México, Colombia, Perú y Chile están entre los principales destinos de la inversión, tanto en portafolio como directa, hacia mercados emergentes. Brasil ha sido el destino principal de dichos flujos en los últimos años. No obstante, esta situación ha cambiado, en nuestra opinión, como resultado de una pérdida de competitividad, a raíz de una apreciación considerable del tipo de cambio real así como la falta de reformas estructurales. Mientras que no somos tan pesimistas sobre la economía brasileña en el futuro—dado que pensamos que las restricciones fiscales así como las políticas económicas recientemente implementadas le darán a Brasil un empuje en el mediano plazo—coincidimos con la opinión que percibimos de los inversionistas en que Chile, Colombia, Perú y México darán una mejor mezcla de riesgo-rendimiento a nivel global, con un gran potencial de crecimiento. En este contexto, México ofrece una gran población joven con un considerable potencial de movilidad social, si las reformas estructurales se aprueban pronto, lo que lo hace un escenario atractivo para la inversión extranjera directa.
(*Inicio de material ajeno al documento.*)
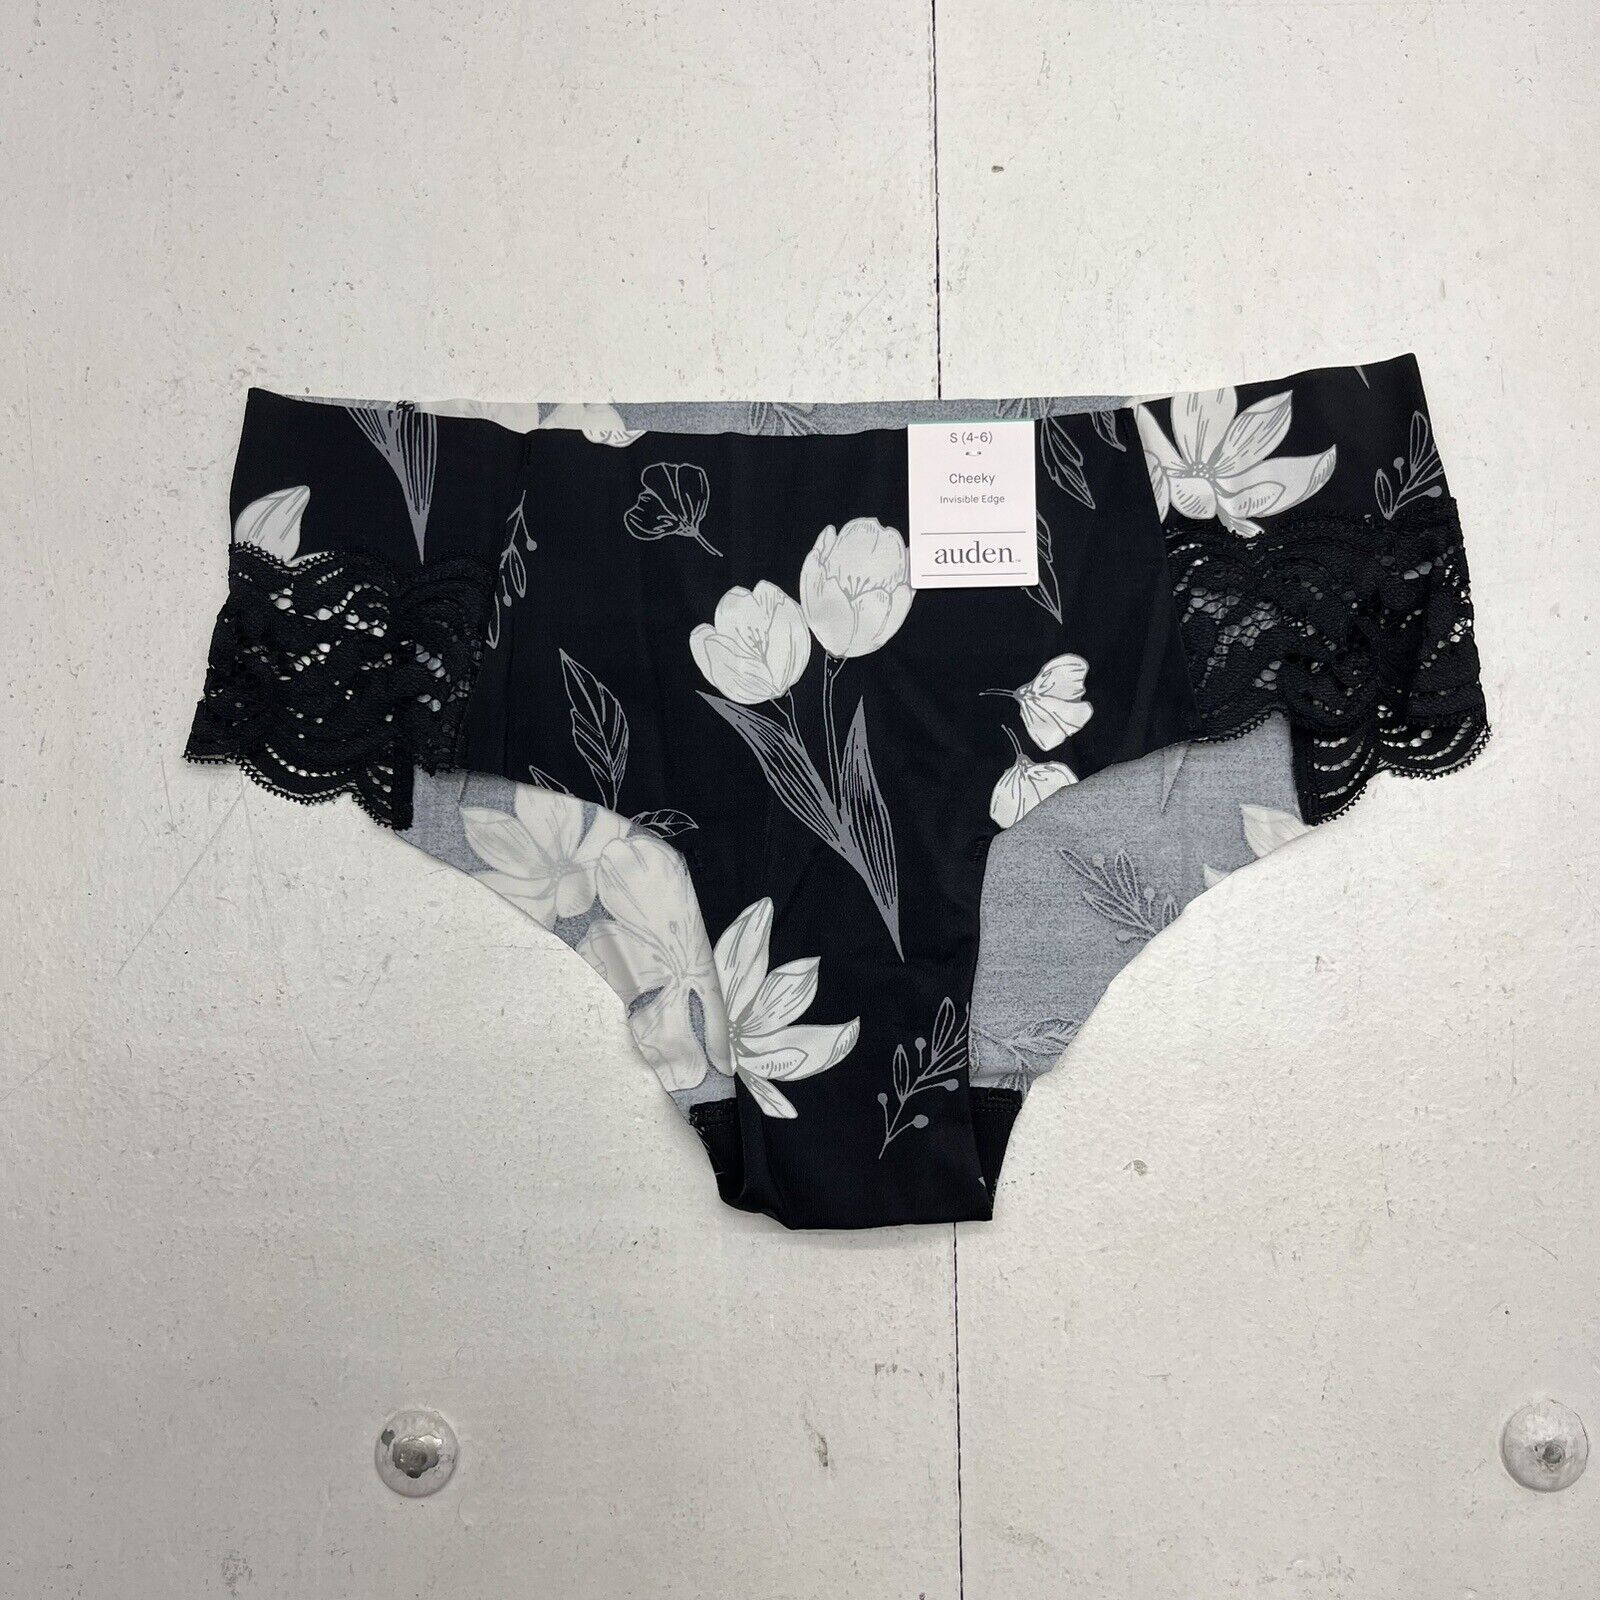 Auden Black Floral Cheeky Invisible Edge Underwear Women’s Size Small NEW

Adicionalmente, los mercados financieros en México son muy líquidos y profundos, y las autoridades no han impuesto ninguna medida para controlar el tránsito de capitales.

Percibimos que los principales riesgos al crecimiento y a la estabilidad financiera están en la situación fiscal en Estados Unidos. Aunque la situación fiscal en Estados Unidos—en la que el Congreso tiene que llegar a un acuerdo en lo que respecta a los recortes automáticos al gasto que entran en vigor en marzo; los presupuestos para 2013 y 2014 (27 de marzo y 15 de abril); el techo de endeudamiento (19 de mayo) y la serie de políticas que pudieran hacer sustentables los temas antes mencionados—no tiene la misma probabilidad de fallar que los problemas que la Eurozona tuvo el año pasado. No obstante, los líderes globales están de acuerdo en que estos temas se arreglarán y que existe mucho espacio para mejorar en 2013.